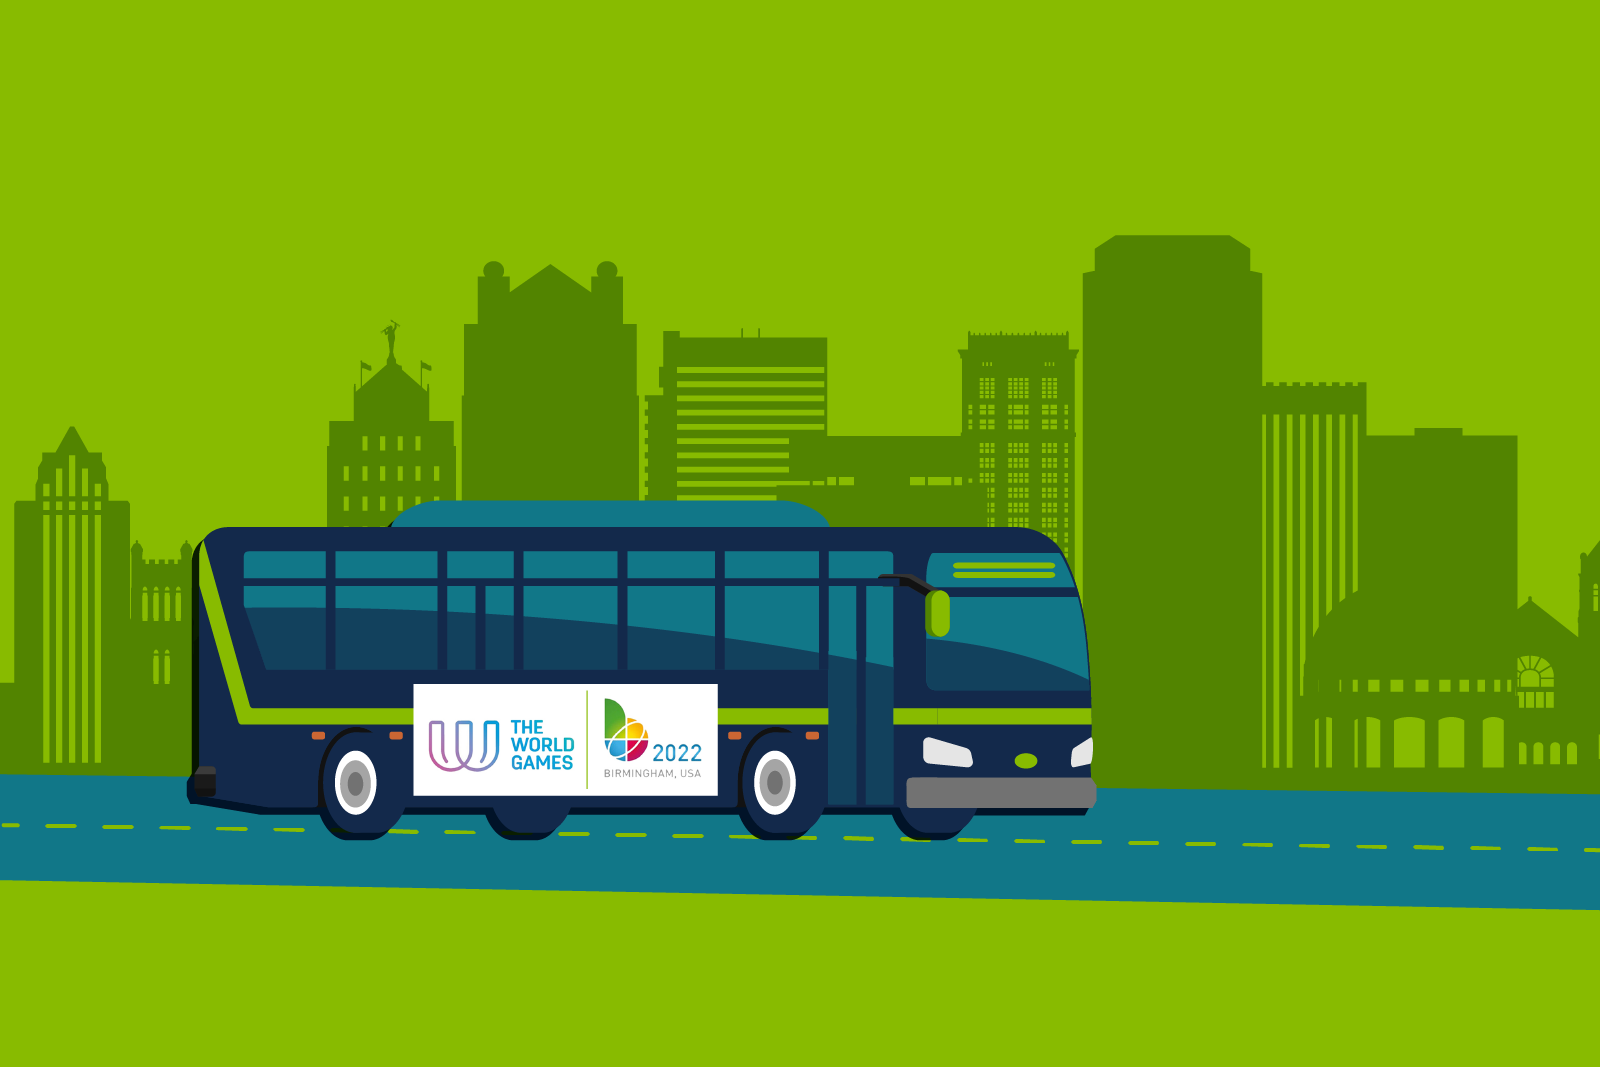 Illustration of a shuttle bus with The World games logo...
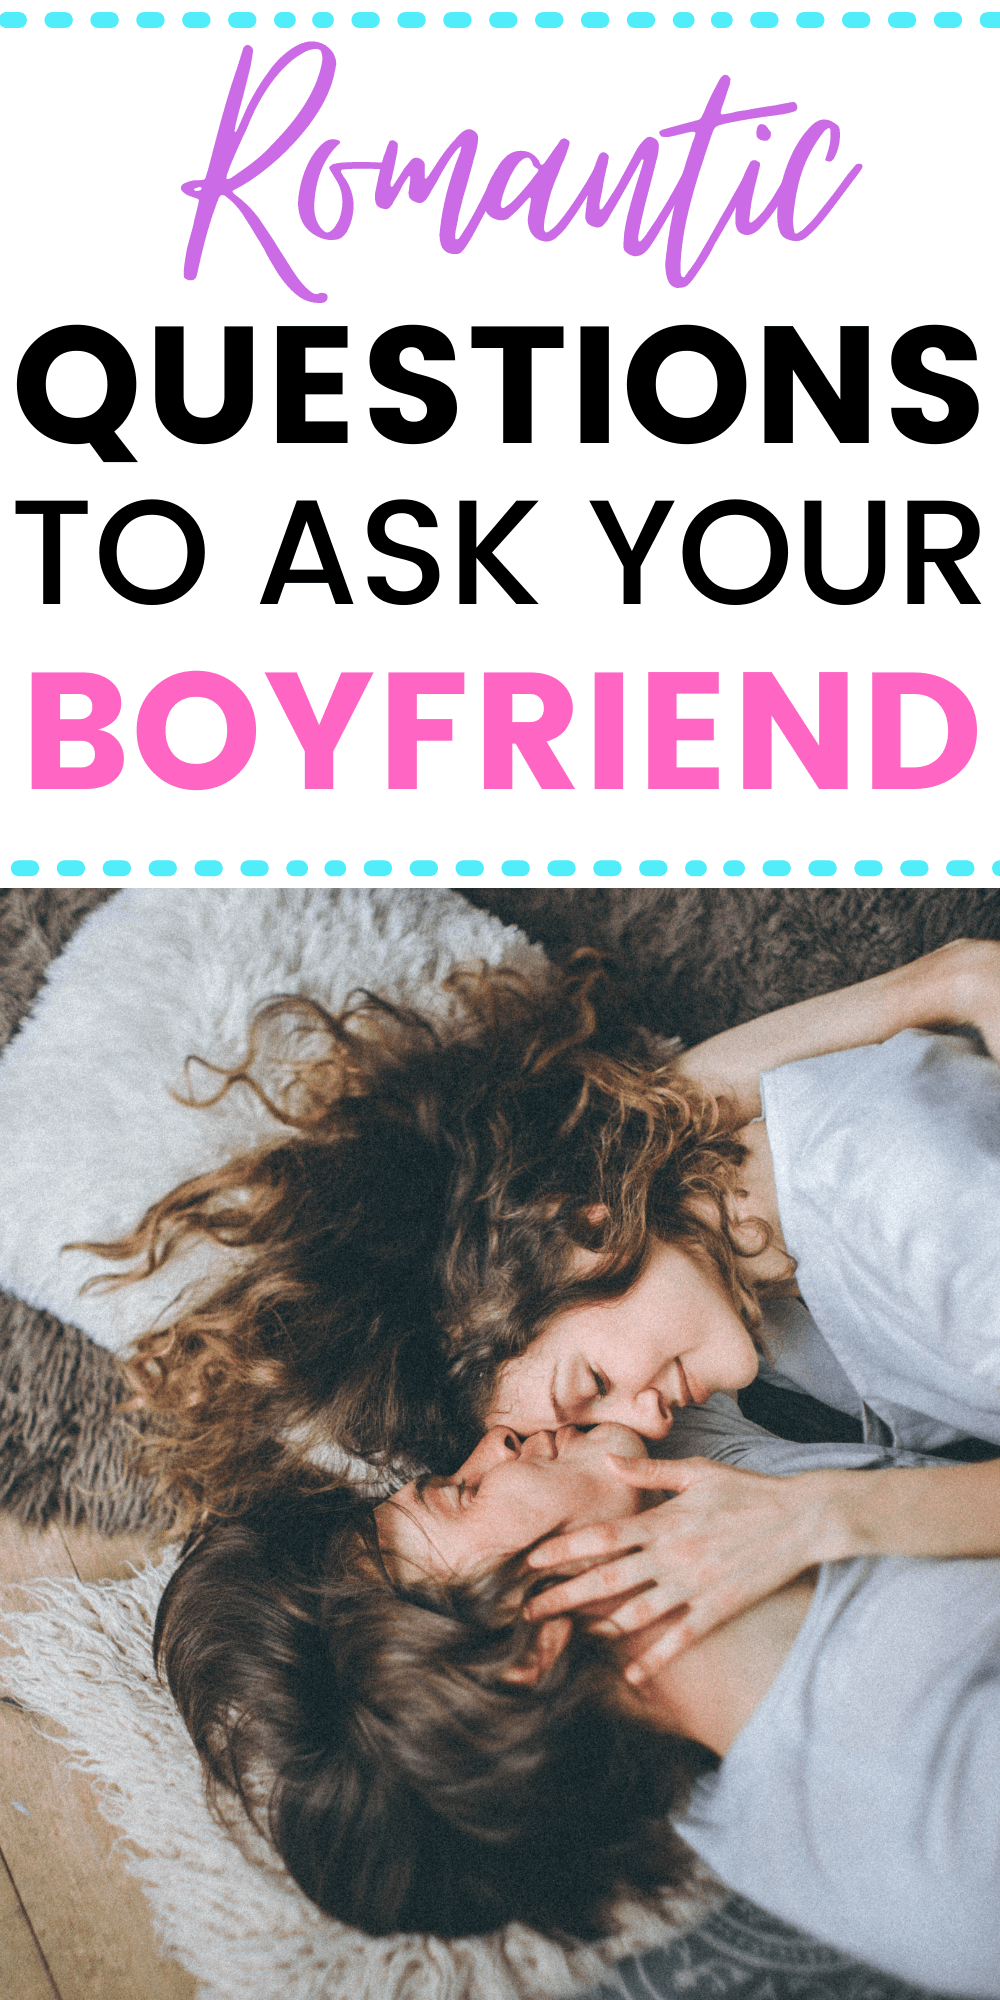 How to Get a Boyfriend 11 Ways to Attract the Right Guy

════════

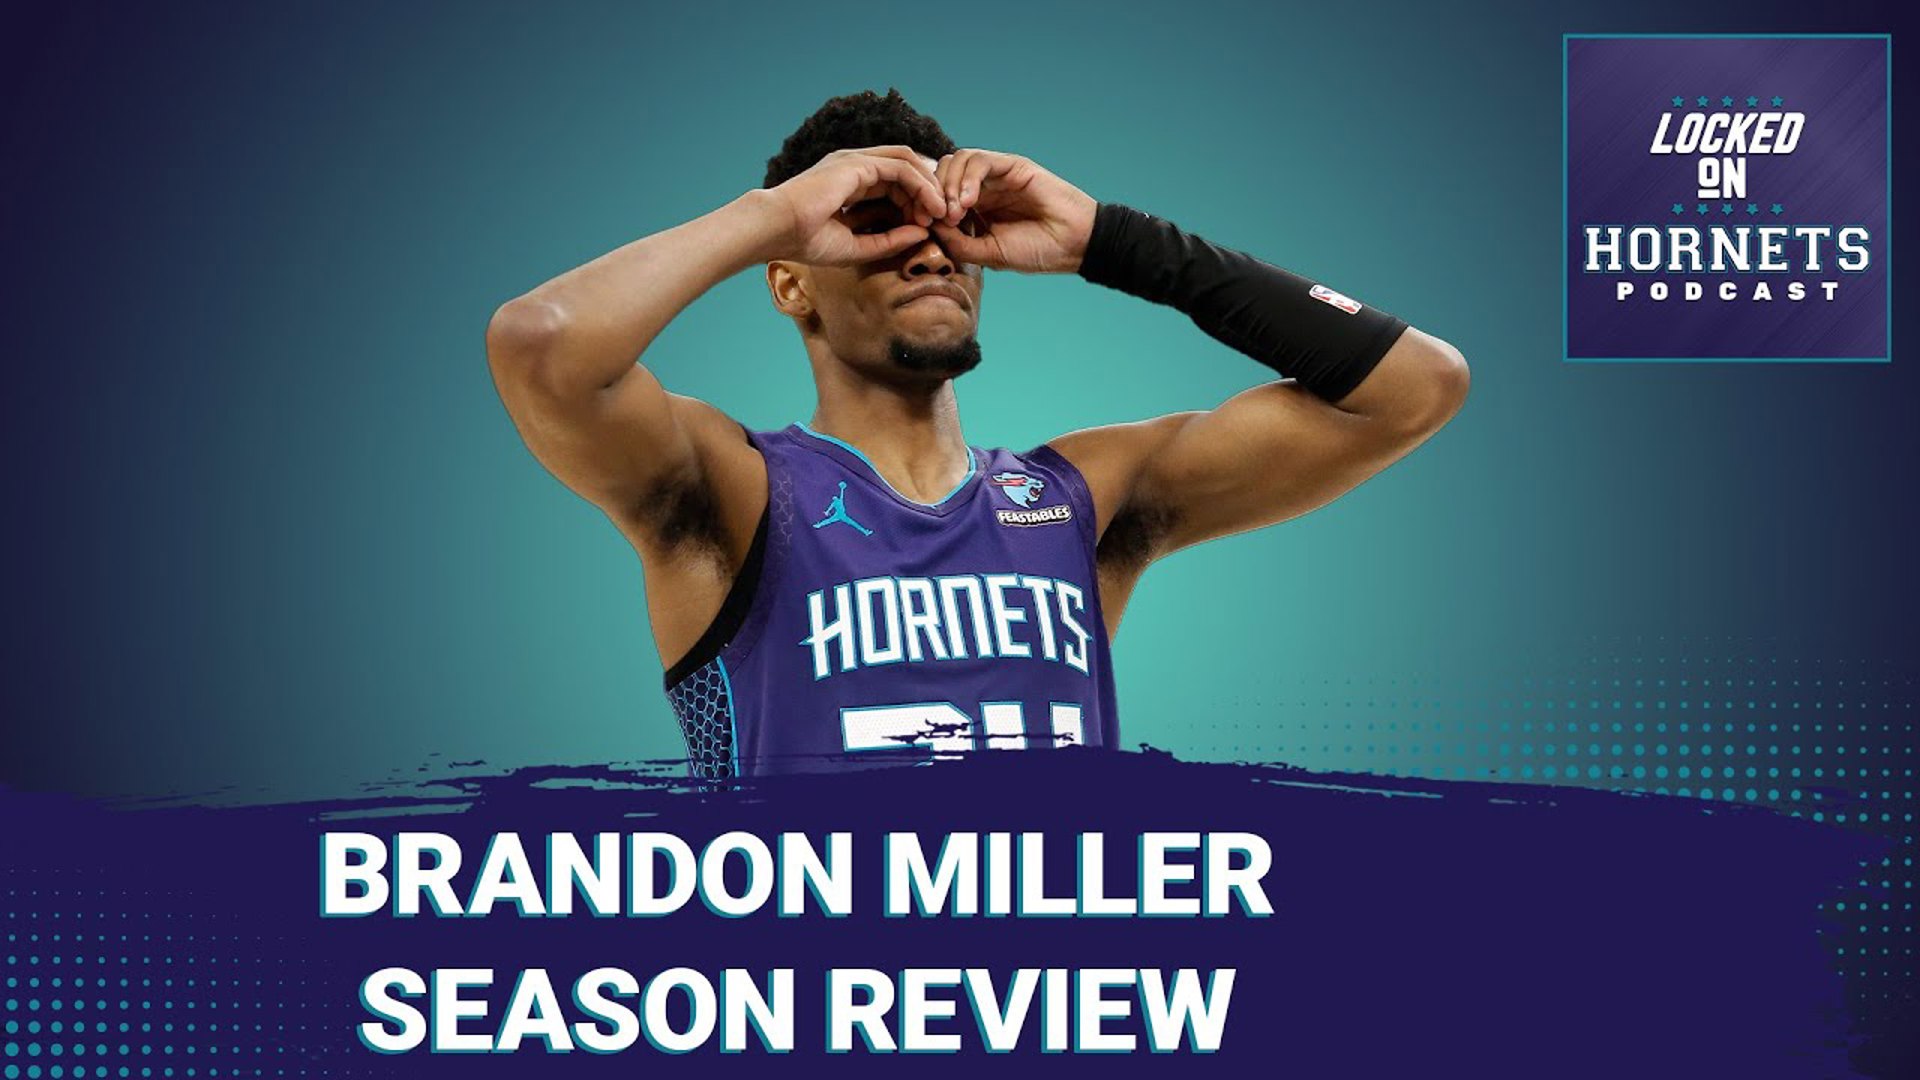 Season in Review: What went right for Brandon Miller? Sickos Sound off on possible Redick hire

════════

**DIRECTIONS**
Having found the line with "Illustration of a" and the line with "How to Get a" in the material above, write out exactly those two and every line between, leaving the pictures out.

**ANSWER BOX**
 Illustration of a shuttle bus with The World games logo...
 How to Get a Boyfriend 11 Ways to Attract the Right Guy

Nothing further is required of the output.